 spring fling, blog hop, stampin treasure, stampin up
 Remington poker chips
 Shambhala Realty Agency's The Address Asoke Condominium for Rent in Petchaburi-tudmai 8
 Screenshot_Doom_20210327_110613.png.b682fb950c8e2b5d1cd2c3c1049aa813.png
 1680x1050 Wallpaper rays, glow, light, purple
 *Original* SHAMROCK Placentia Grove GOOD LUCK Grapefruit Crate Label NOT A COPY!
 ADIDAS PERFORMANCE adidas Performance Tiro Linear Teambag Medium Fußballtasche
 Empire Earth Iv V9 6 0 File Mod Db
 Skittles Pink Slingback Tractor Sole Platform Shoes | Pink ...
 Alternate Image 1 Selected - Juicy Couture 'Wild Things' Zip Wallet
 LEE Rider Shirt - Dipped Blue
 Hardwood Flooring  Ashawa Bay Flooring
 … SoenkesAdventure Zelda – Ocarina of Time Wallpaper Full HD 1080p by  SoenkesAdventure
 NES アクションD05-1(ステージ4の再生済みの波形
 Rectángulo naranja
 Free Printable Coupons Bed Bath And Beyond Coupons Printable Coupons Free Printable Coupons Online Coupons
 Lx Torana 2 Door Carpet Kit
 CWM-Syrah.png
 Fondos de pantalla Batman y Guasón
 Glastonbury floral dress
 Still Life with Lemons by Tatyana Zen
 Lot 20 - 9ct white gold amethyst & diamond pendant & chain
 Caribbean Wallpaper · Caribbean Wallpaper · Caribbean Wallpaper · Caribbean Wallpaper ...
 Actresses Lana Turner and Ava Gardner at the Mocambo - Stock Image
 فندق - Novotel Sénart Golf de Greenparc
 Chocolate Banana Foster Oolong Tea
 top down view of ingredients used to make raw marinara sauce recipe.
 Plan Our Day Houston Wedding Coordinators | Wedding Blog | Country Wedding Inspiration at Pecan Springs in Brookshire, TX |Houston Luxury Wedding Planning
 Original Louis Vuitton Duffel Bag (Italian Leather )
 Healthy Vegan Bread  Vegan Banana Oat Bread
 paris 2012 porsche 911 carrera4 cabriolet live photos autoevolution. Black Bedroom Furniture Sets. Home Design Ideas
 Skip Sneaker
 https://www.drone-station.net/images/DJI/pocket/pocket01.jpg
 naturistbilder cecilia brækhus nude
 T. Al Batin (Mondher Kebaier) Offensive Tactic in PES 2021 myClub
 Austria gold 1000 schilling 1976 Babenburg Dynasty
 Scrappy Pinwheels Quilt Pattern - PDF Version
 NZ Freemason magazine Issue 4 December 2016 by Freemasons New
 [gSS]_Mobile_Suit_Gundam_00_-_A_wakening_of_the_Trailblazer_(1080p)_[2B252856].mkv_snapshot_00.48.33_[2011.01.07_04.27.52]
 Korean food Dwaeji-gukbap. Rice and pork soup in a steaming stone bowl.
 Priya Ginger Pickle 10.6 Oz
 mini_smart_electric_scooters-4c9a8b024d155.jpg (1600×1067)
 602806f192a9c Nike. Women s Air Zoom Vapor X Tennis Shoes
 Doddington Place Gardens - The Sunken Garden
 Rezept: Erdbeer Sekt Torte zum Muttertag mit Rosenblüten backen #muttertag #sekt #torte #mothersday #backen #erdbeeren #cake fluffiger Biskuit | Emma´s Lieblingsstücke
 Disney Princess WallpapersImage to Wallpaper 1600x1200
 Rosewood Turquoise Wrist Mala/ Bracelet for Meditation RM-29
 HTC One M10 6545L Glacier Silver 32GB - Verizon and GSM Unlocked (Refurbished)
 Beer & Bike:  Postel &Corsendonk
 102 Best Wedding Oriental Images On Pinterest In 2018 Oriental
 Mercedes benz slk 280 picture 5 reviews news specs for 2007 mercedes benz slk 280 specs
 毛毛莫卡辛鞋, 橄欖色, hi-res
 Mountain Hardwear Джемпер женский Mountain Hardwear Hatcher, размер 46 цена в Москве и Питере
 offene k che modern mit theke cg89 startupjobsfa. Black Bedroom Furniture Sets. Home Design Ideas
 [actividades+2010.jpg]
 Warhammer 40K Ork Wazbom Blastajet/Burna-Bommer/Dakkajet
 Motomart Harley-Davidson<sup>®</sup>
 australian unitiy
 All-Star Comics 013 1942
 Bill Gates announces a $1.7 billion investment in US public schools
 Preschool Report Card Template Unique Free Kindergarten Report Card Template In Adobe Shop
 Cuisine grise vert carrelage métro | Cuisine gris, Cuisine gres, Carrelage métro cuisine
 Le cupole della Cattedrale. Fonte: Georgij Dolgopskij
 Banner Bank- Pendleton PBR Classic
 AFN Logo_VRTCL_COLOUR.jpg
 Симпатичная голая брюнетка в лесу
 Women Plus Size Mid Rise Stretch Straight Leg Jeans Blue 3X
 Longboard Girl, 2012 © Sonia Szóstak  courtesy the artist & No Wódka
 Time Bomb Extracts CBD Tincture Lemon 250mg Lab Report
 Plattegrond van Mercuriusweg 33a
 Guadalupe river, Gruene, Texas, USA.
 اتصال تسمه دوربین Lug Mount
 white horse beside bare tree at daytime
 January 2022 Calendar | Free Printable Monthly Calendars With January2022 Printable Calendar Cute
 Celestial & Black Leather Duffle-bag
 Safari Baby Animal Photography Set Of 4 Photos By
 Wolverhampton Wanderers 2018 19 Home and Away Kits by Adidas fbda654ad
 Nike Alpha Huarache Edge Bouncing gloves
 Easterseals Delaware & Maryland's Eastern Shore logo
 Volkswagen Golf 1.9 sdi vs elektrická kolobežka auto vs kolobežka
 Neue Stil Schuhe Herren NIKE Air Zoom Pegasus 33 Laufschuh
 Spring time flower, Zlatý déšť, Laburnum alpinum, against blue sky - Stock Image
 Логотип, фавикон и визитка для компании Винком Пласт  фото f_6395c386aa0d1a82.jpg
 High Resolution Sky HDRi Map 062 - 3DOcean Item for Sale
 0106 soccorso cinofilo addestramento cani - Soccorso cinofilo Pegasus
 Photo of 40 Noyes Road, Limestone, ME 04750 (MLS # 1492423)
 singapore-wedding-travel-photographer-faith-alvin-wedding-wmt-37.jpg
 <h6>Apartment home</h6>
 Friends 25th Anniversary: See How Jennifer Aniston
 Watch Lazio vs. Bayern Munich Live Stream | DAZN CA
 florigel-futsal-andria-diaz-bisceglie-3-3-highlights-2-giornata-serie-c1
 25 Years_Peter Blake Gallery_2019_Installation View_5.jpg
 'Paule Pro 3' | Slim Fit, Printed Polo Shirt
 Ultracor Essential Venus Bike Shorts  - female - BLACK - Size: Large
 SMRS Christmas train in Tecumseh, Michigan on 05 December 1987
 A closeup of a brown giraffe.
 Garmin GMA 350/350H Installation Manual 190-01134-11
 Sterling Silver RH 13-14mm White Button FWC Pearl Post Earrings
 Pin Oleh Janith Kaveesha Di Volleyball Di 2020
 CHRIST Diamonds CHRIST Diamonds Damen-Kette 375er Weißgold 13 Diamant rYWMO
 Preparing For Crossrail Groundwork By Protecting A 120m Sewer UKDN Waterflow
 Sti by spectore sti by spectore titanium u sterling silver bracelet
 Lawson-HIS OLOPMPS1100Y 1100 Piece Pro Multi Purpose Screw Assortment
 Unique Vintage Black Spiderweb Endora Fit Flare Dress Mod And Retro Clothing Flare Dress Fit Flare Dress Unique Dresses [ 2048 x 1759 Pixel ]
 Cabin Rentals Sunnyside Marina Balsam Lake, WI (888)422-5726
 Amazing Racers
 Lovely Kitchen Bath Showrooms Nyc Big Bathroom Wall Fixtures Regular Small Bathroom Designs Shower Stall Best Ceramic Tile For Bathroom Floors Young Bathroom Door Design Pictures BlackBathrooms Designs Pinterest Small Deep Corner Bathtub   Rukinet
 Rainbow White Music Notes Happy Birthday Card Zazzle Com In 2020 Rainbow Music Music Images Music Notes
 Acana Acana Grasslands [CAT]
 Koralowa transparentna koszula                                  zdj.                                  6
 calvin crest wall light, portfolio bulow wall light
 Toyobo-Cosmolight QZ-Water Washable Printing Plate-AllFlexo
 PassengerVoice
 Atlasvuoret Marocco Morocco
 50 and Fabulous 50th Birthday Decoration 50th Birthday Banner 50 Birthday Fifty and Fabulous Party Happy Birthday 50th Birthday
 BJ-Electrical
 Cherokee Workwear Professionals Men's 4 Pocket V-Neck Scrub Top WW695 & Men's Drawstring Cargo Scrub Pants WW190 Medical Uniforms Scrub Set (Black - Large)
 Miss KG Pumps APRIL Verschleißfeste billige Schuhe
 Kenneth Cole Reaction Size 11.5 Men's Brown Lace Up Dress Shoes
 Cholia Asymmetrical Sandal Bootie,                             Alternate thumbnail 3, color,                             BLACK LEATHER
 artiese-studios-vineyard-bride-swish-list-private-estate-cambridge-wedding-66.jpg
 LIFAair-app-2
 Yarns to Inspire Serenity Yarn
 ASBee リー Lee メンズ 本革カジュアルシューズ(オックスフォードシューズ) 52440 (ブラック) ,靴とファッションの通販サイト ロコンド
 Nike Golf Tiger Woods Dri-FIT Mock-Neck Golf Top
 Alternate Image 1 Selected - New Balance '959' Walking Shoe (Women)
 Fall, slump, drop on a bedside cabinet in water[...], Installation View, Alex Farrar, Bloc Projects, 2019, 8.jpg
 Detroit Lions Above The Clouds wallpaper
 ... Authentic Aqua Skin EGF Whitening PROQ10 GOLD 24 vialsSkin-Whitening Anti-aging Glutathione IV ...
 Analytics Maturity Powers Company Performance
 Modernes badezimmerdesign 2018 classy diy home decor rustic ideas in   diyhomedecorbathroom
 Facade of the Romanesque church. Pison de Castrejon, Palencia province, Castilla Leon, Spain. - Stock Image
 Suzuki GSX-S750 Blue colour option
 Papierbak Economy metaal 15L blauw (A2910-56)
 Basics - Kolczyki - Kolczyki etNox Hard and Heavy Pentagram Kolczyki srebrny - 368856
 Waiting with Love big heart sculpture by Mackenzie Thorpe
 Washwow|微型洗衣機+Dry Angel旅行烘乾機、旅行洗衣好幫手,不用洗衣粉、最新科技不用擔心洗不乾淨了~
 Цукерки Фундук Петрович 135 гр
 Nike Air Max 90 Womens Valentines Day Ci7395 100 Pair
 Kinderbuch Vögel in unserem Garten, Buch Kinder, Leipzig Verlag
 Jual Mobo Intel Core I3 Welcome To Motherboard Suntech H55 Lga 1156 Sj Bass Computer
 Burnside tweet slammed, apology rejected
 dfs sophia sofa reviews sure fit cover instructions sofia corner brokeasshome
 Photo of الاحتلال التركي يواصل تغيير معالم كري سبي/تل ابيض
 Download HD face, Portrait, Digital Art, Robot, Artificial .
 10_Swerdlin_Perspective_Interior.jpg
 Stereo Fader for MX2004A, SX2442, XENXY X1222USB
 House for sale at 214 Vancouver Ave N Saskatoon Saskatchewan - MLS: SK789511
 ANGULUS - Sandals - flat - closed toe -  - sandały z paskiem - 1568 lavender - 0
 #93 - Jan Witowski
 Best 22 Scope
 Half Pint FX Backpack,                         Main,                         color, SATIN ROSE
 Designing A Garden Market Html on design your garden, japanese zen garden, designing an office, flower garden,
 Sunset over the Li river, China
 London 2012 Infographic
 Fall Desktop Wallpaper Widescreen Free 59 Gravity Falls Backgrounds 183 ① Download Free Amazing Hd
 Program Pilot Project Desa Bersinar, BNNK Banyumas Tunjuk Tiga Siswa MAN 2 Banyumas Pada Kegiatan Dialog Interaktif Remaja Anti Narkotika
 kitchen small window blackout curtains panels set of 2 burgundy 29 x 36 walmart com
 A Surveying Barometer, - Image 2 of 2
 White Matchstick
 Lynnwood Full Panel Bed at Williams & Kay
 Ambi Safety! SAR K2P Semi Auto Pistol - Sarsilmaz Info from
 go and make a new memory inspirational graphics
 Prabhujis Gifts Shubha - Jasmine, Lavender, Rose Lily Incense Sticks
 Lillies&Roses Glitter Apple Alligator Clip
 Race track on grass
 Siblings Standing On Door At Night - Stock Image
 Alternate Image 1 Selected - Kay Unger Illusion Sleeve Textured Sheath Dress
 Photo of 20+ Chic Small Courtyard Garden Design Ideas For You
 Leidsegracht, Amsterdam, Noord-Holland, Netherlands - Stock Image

▶ PROBLEM REQUIREMENTS
Among the entries above, find the line with "Sti by spectore sti" and the line with "Amazing Racers"; give again exactly these two lines and all lines between them.

▶ SOLUTION TO THE PROBLEM
 Sti by spectore sti by spectore titanium u sterling silver bracelet
 Lawson-HIS OLOPMPS1100Y 1100 Piece Pro Multi Purpose Screw Assortment
 Unique Vintage Black Spiderweb Endora Fit Flare Dress Mod And Retro Clothing Flare Dress Fit Flare Dress Unique Dresses [ 2048 x 1759 Pixel ]
 Cabin Rentals Sunnyside Marina Balsam Lake, WI (888)422-5726
 Amazing Racers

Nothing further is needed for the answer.